Made c.1800, at a time when tea was still a highly prized commodity and the market was yet to be flooded by cheaper Indian imports, the 10in x 7 1/2in (25cm) mahogany and walnut lead-lined caddy was a skilfully executed quality receptacle.

“Any architectural form tea caddy is rare and this one had false windows on every facet, inlaid circular windows in the roof, and a dome supported by turned ivory columns,” said Mr Taubenheim.

The quality and rare form of the privately-entered caddy caught the eye of six specialist collectors who battled for it over the phone. However, all were outbid by a London dealer in the room who took the caddy at £10,800.

As with the caddy, it was probably also the quirkiness of an Edwardian album comprising 50 inscribed black and white snapshots of the construction of Portsmouth Sewerage Works 1904-5 that ensured this work left its £40-50 estimate standing.

Sewage is hardly the sexiest subject matter, but the photographs attracted the interest of Portsmouth Museum as well as two specialist dealers.
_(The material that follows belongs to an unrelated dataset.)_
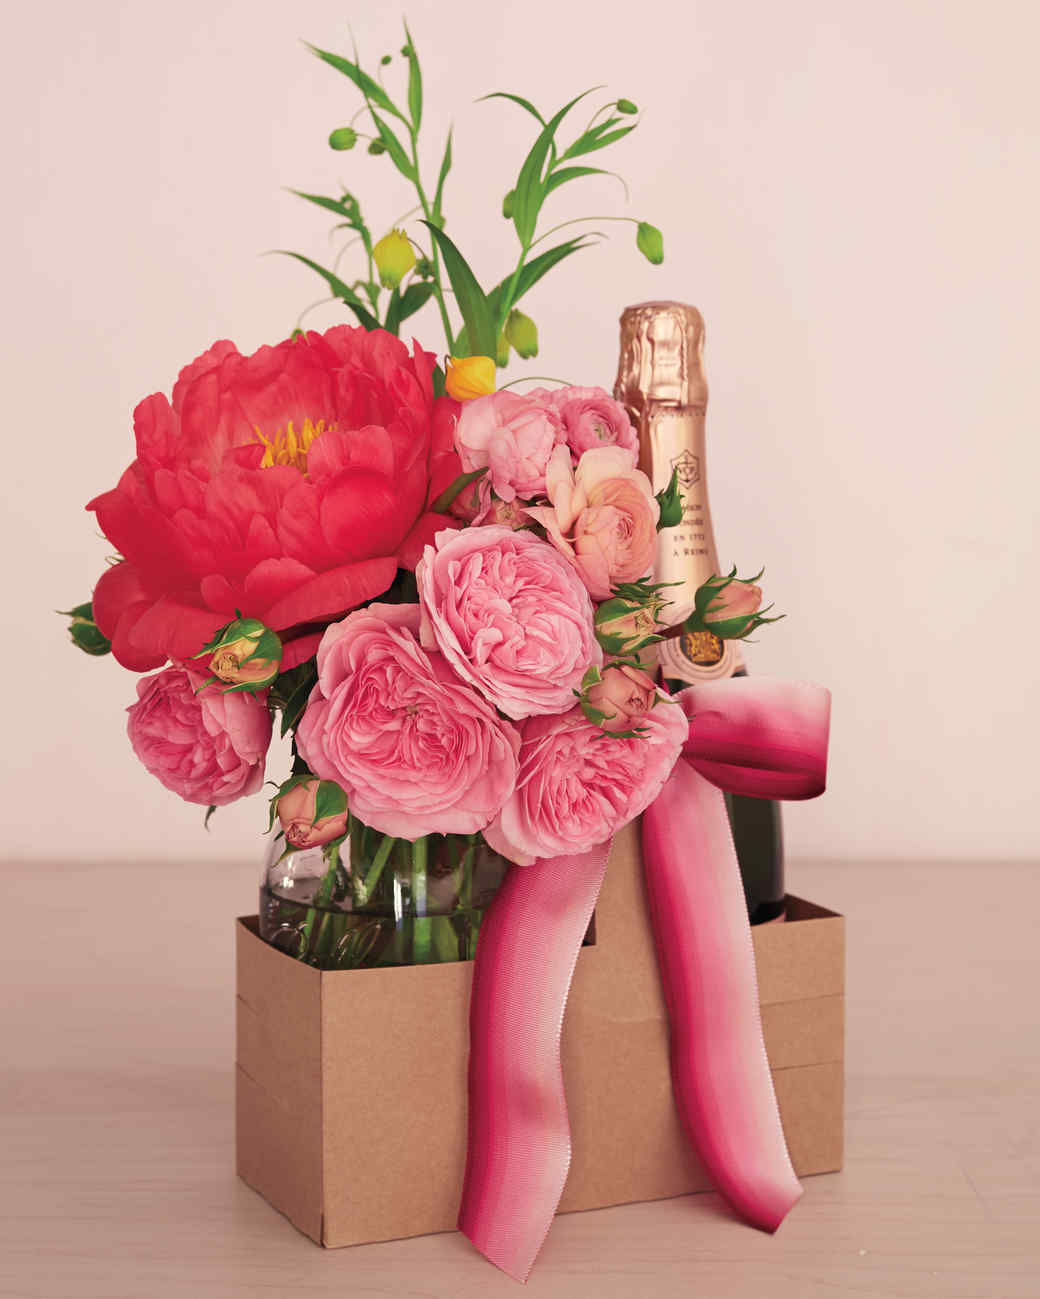 crafts-champagneflowers-027-r-mld110777.jpg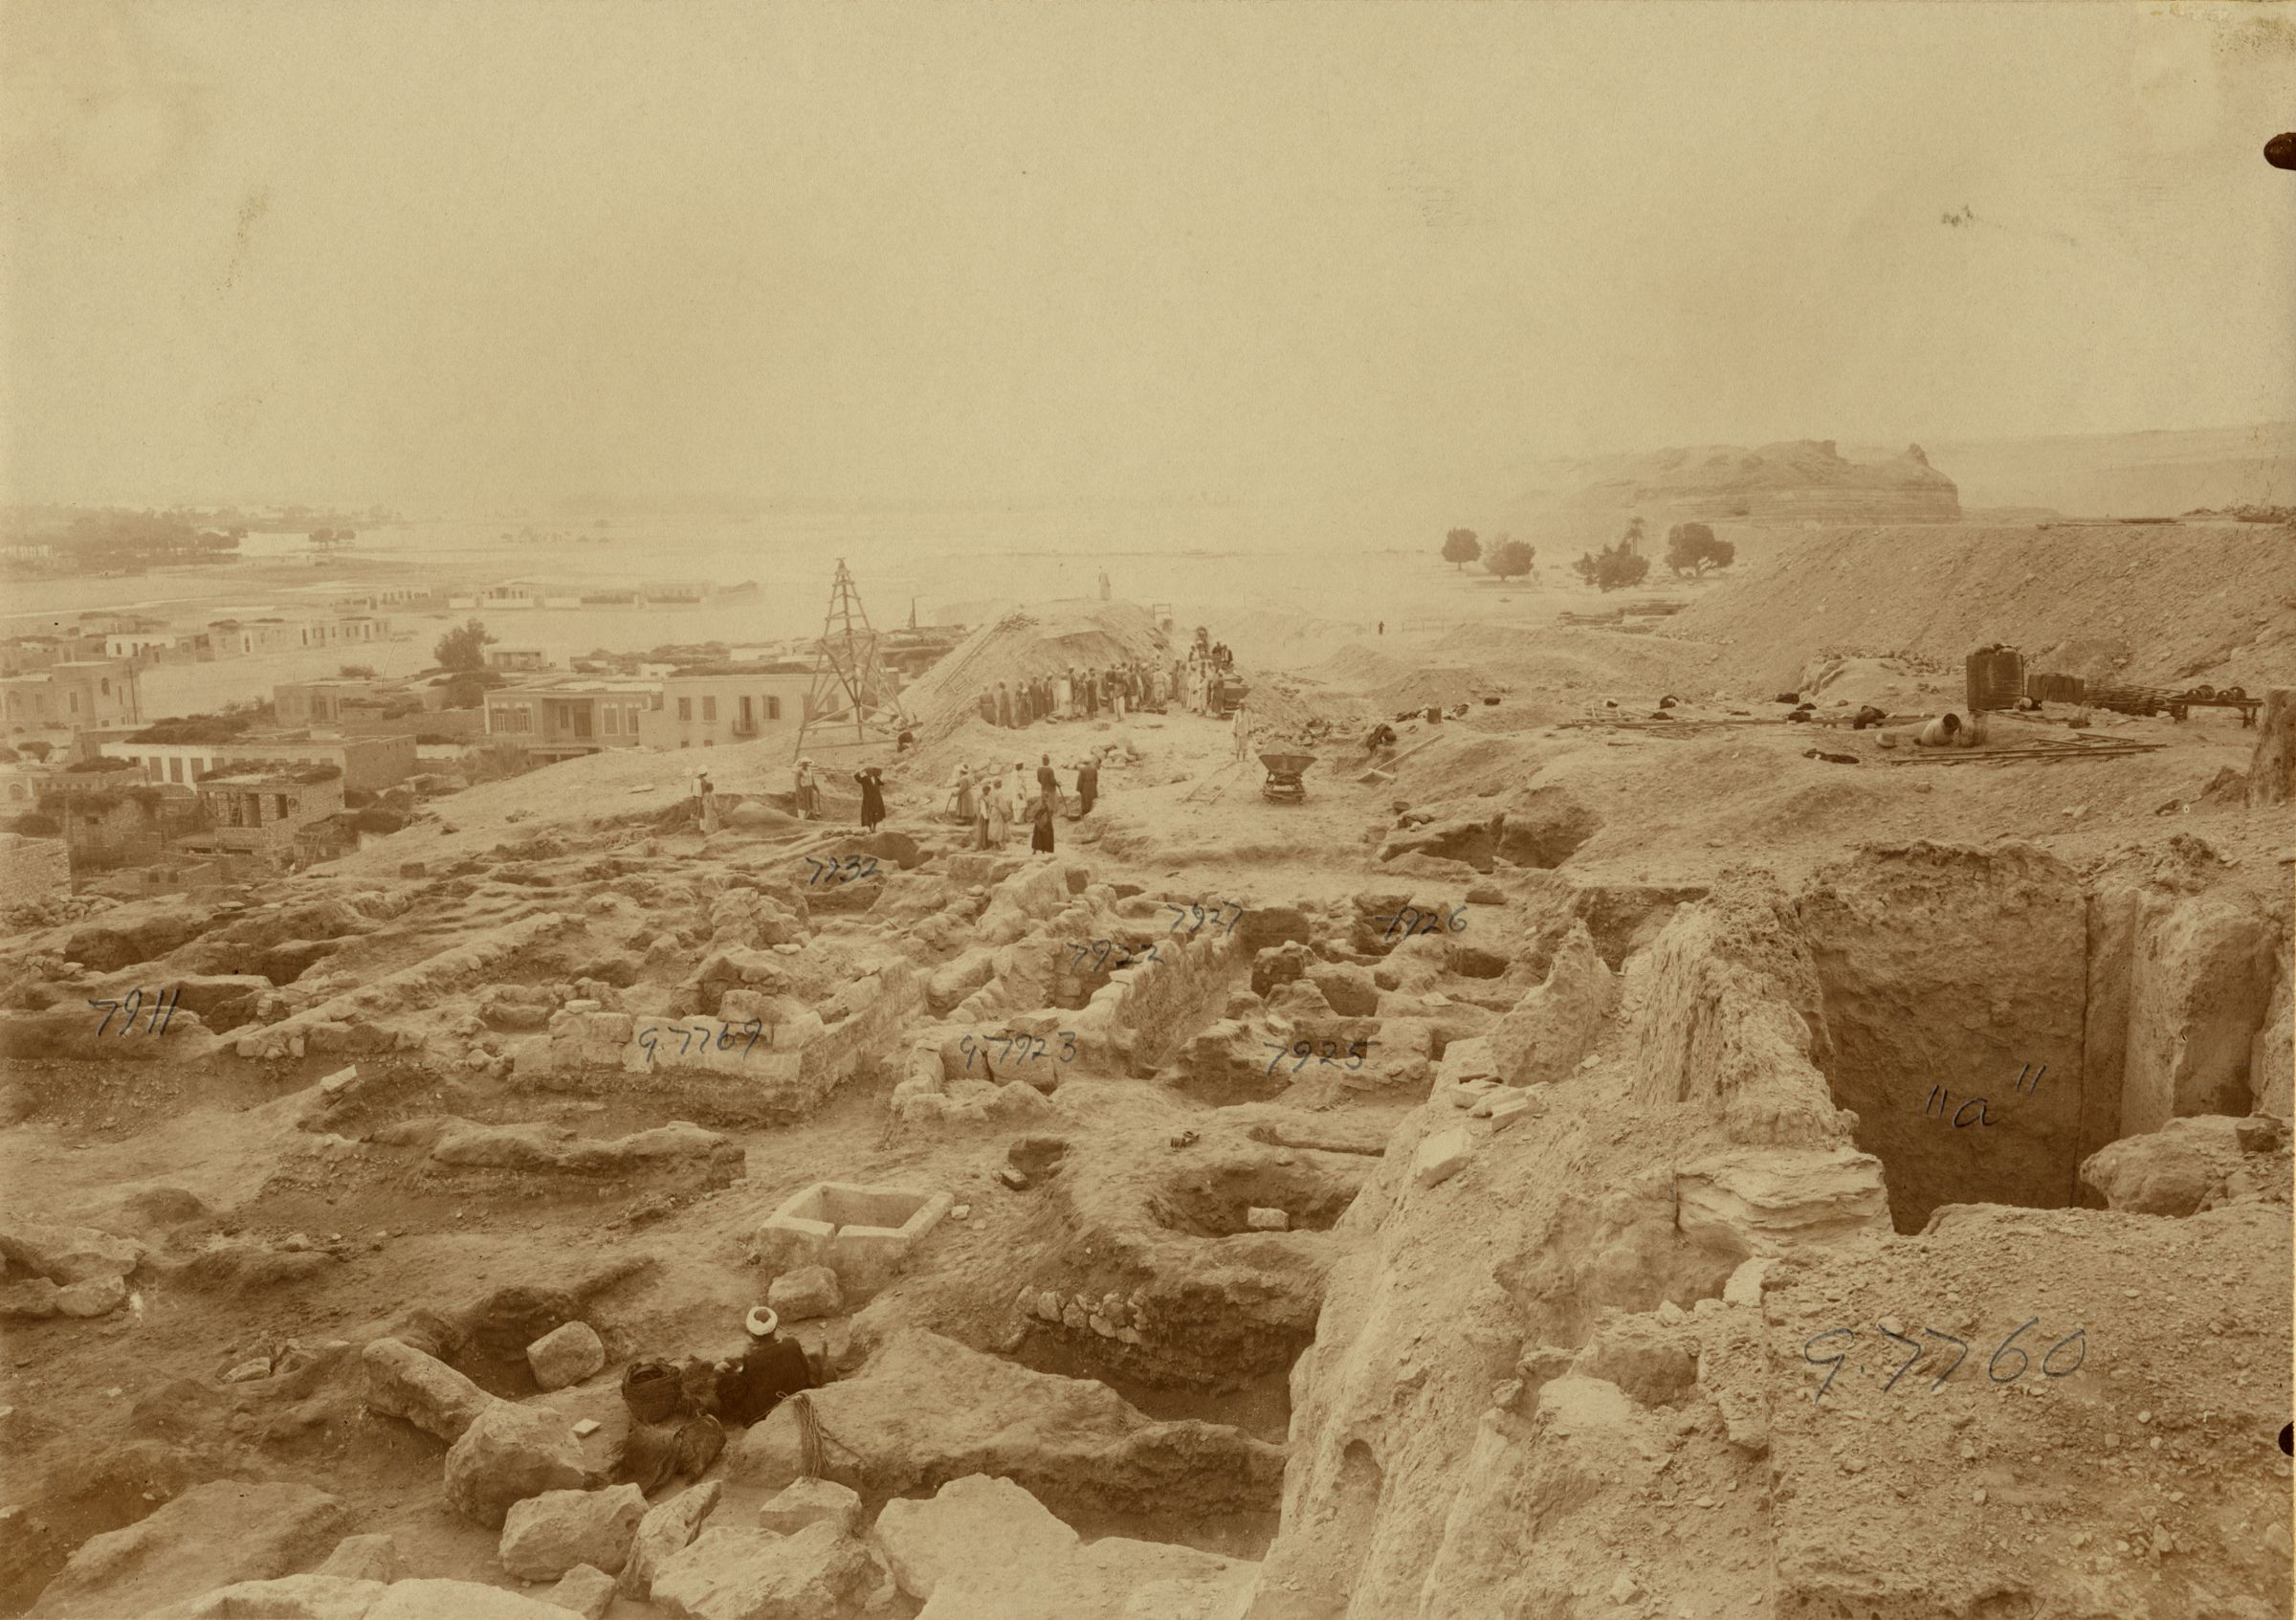 Eastern Cemetery: Site: Giza; View: G 7760, G 7911, G 7769, G 7932, G 7923, G 7922, G 7927, G 7925, G 7926

The album sold to one of the dealers at £400.

The most expensive piece of furniture, an 18th century walnut writing bureau with an original and nicely shaped stepped interior, was from the same consignment as the caddy.

Although bureaux no longer have the commercial appeal they once did, this quality example had the features buyers still want.

“If it’s early 18th century and walnut you have still got a good chance of selling it,” said Mr Taubenheim.

It fetched £5800 from a Belgium collector bidding on the telephone.

A tiny 18th century oak bureau, just 2ft 1in (63cm) wide was taken to £1680 and the narrow proportions of a 5ft (1.52m) wide 18th century oak cottage dresser ensured it fetched £2900.